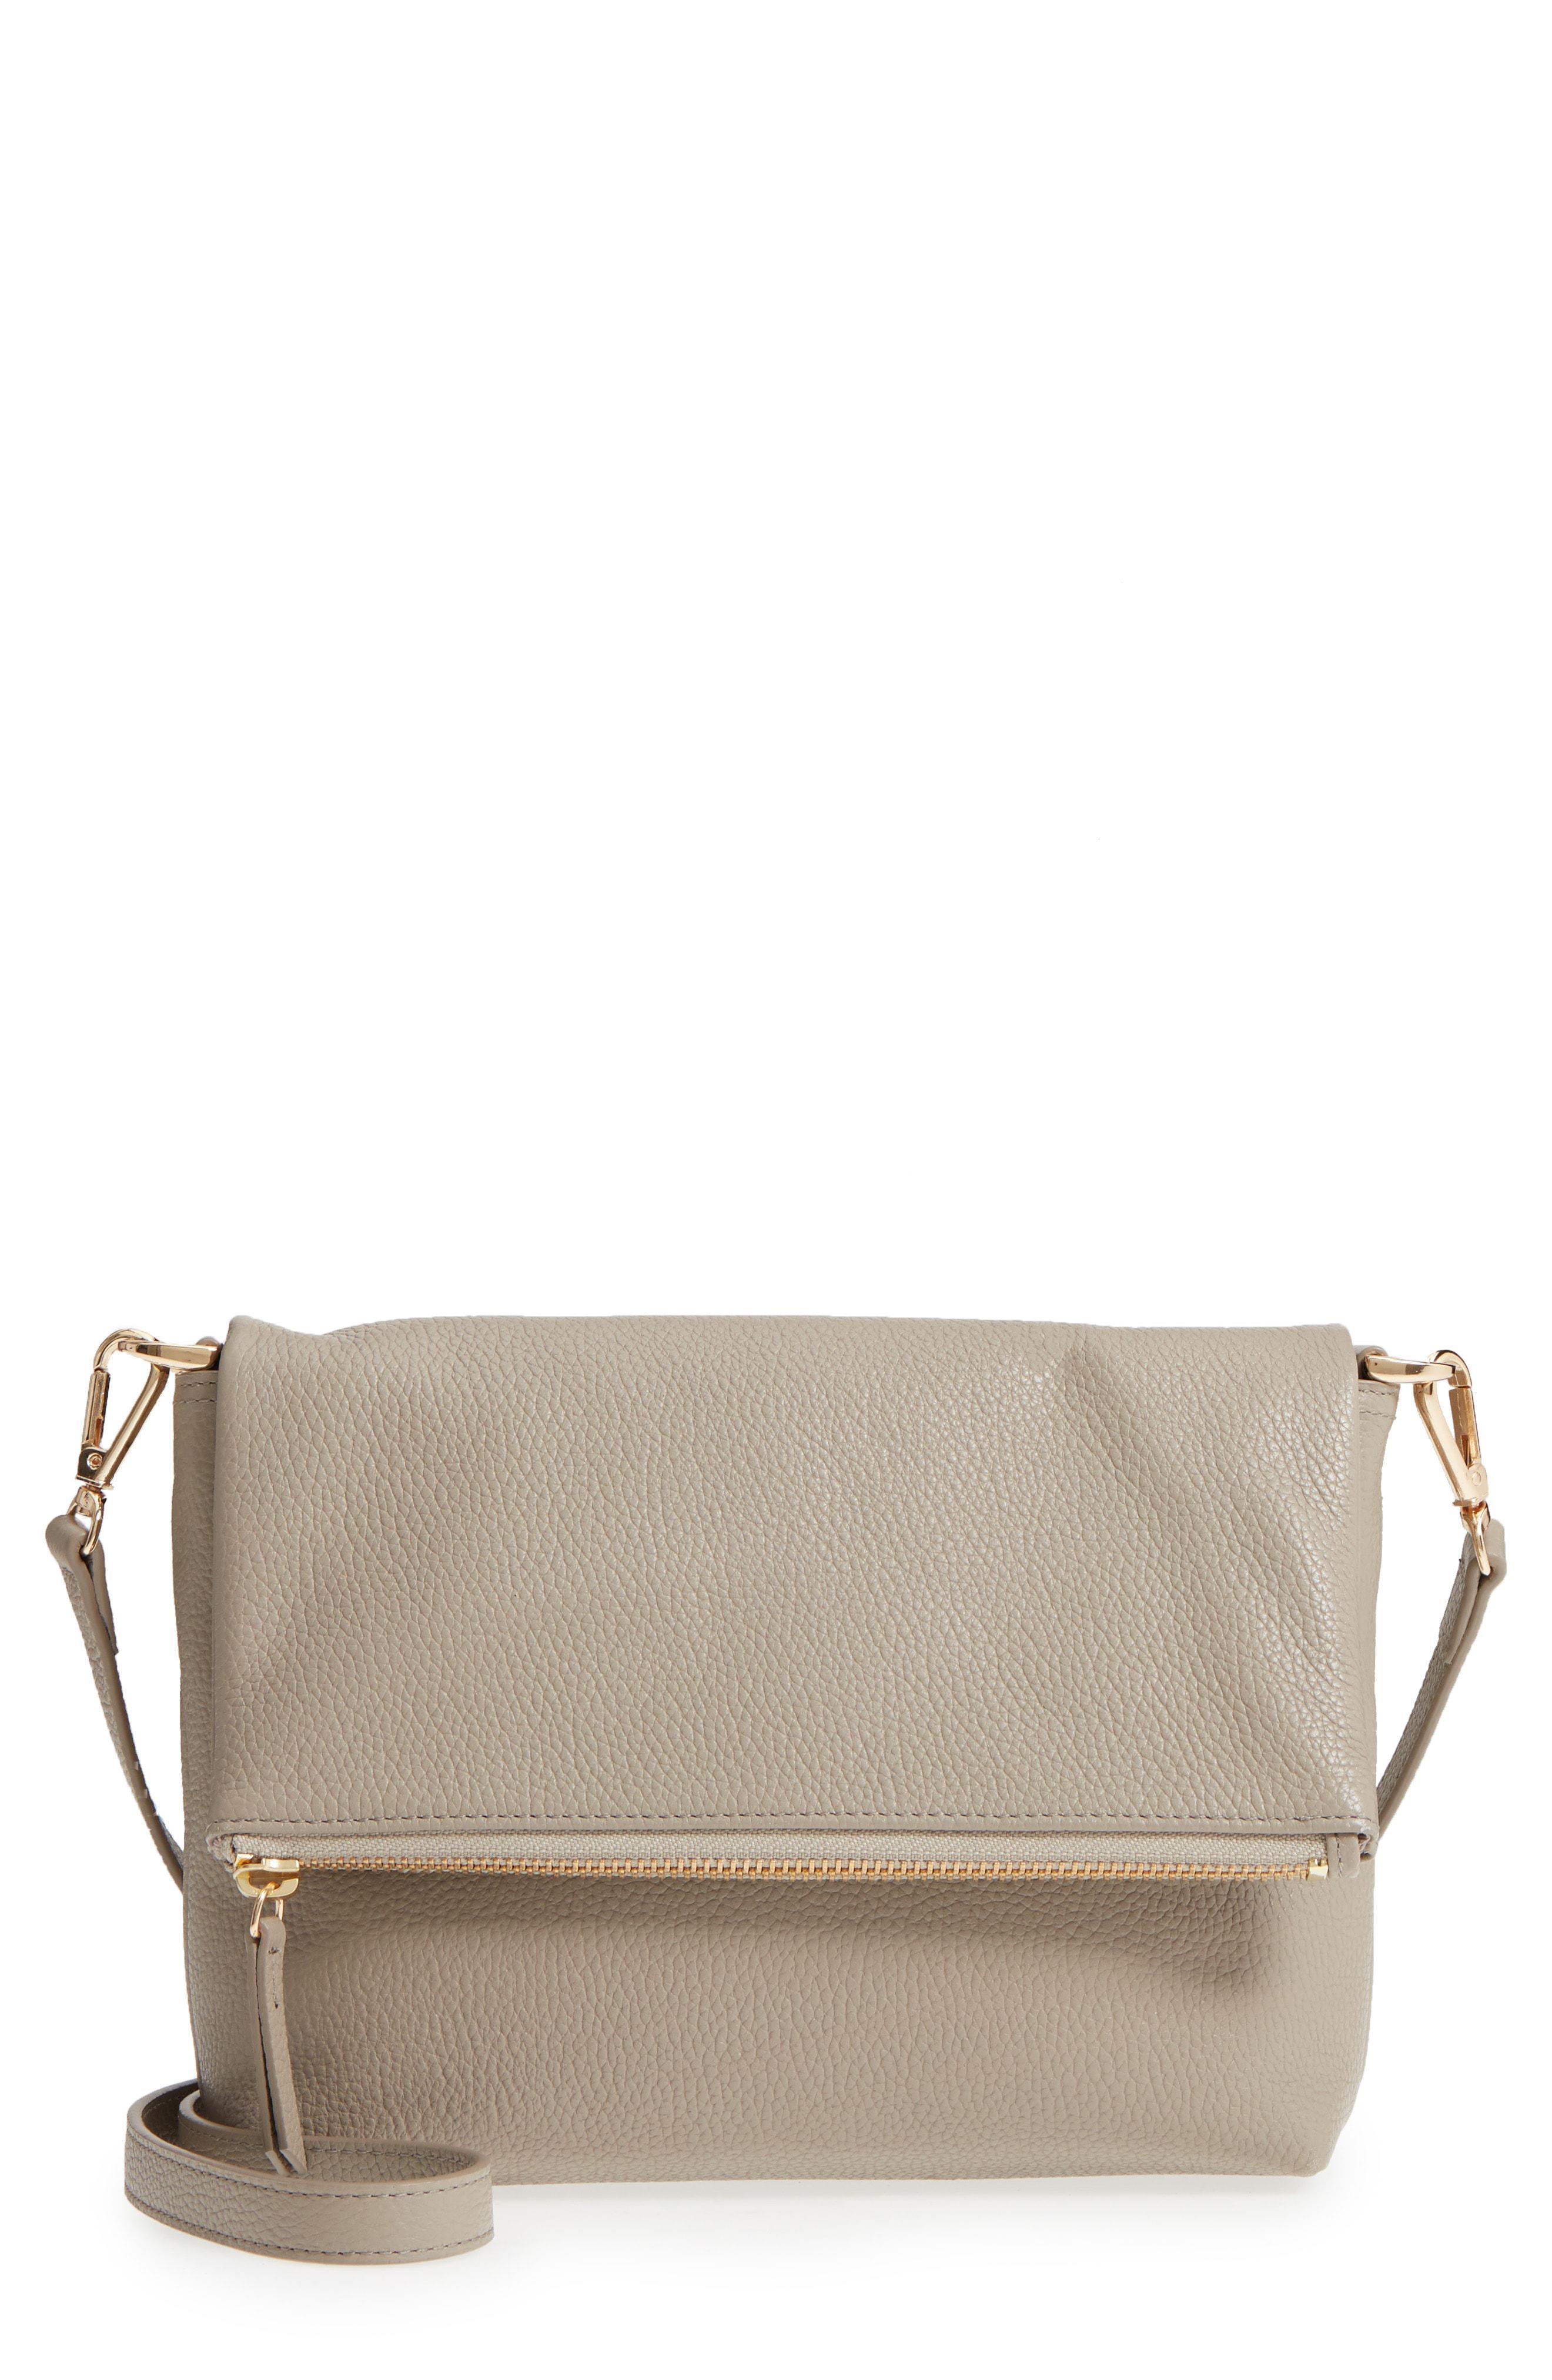 9ef596b0d8e5 Nordstrom Ava Foldover Crossbody Bag in Gray - Lyst
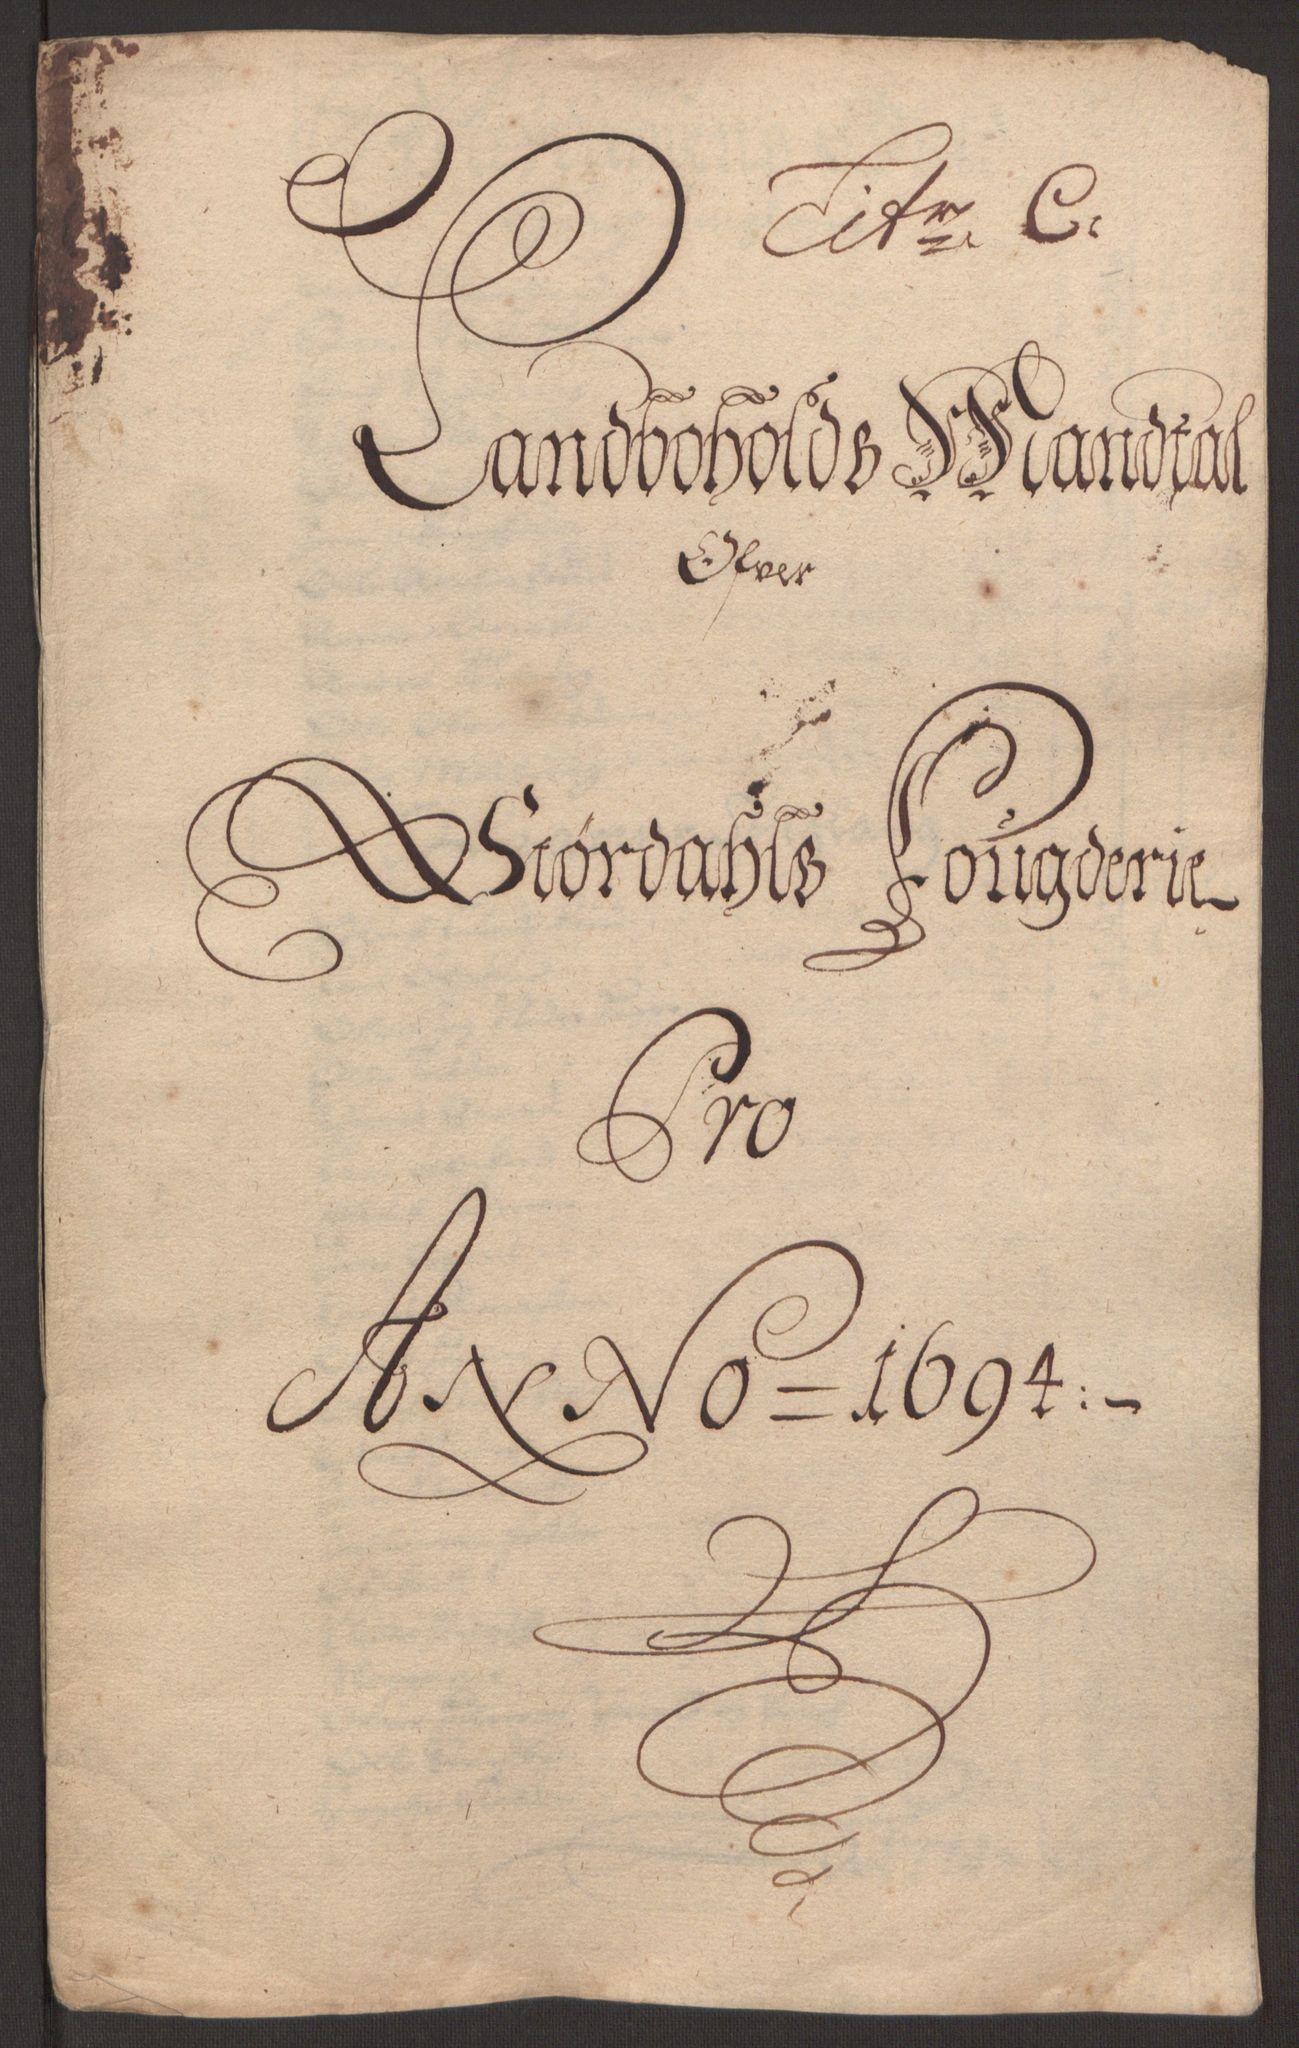 RA, Rentekammeret inntil 1814, Reviderte regnskaper, Fogderegnskap, R62/L4186: Fogderegnskap Stjørdal og Verdal, 1693-1694, s. 195
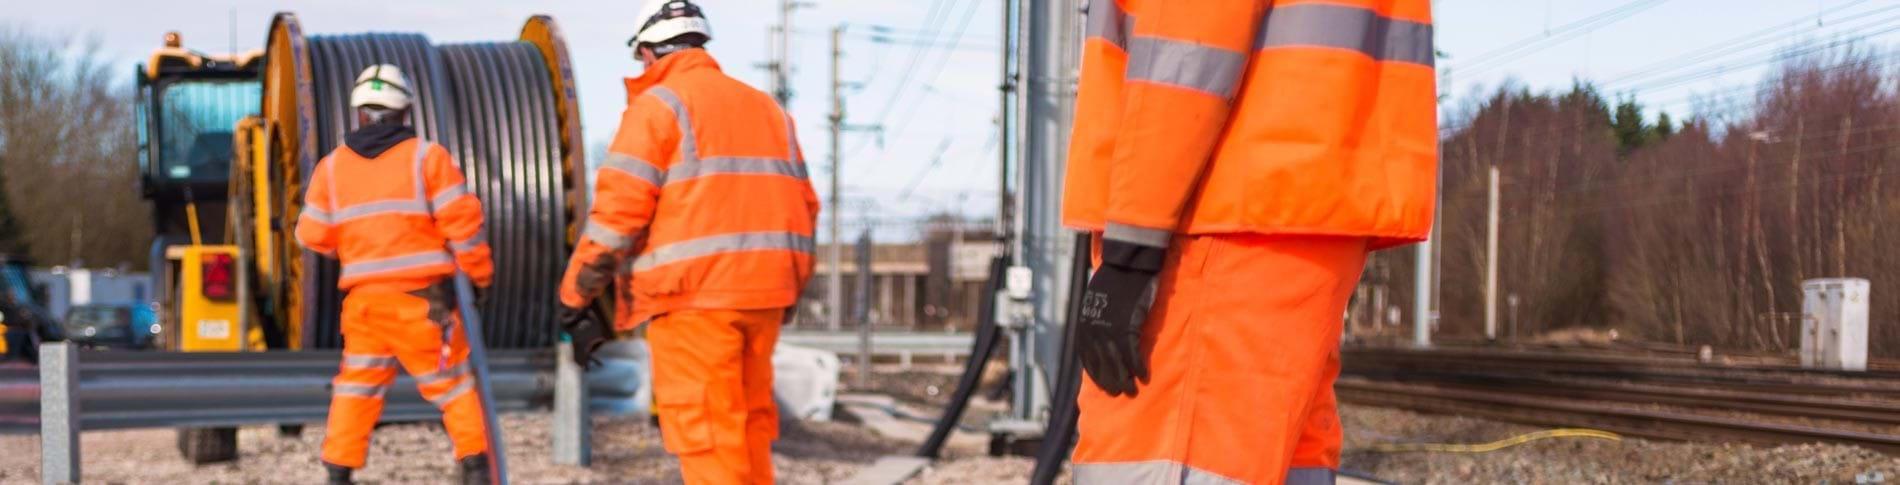 Rail Telecom Cables

◆ ◆ ◆ ◆ ◆

## Problem details
From the first line to the last, write out the data exactly, omitting any pictures.

## Response to the exercise
 9ef596b0d8e5 Nordstrom Ava Foldover Crossbody Bag in Gray - Lyst
 RA, Rentekammeret inntil 1814, Reviderte regnskaper, Fogderegnskap, R62/L4186: Fogderegnskap Stjørdal og Verdal, 1693-1694, s. 195
 Rail Telecom Cables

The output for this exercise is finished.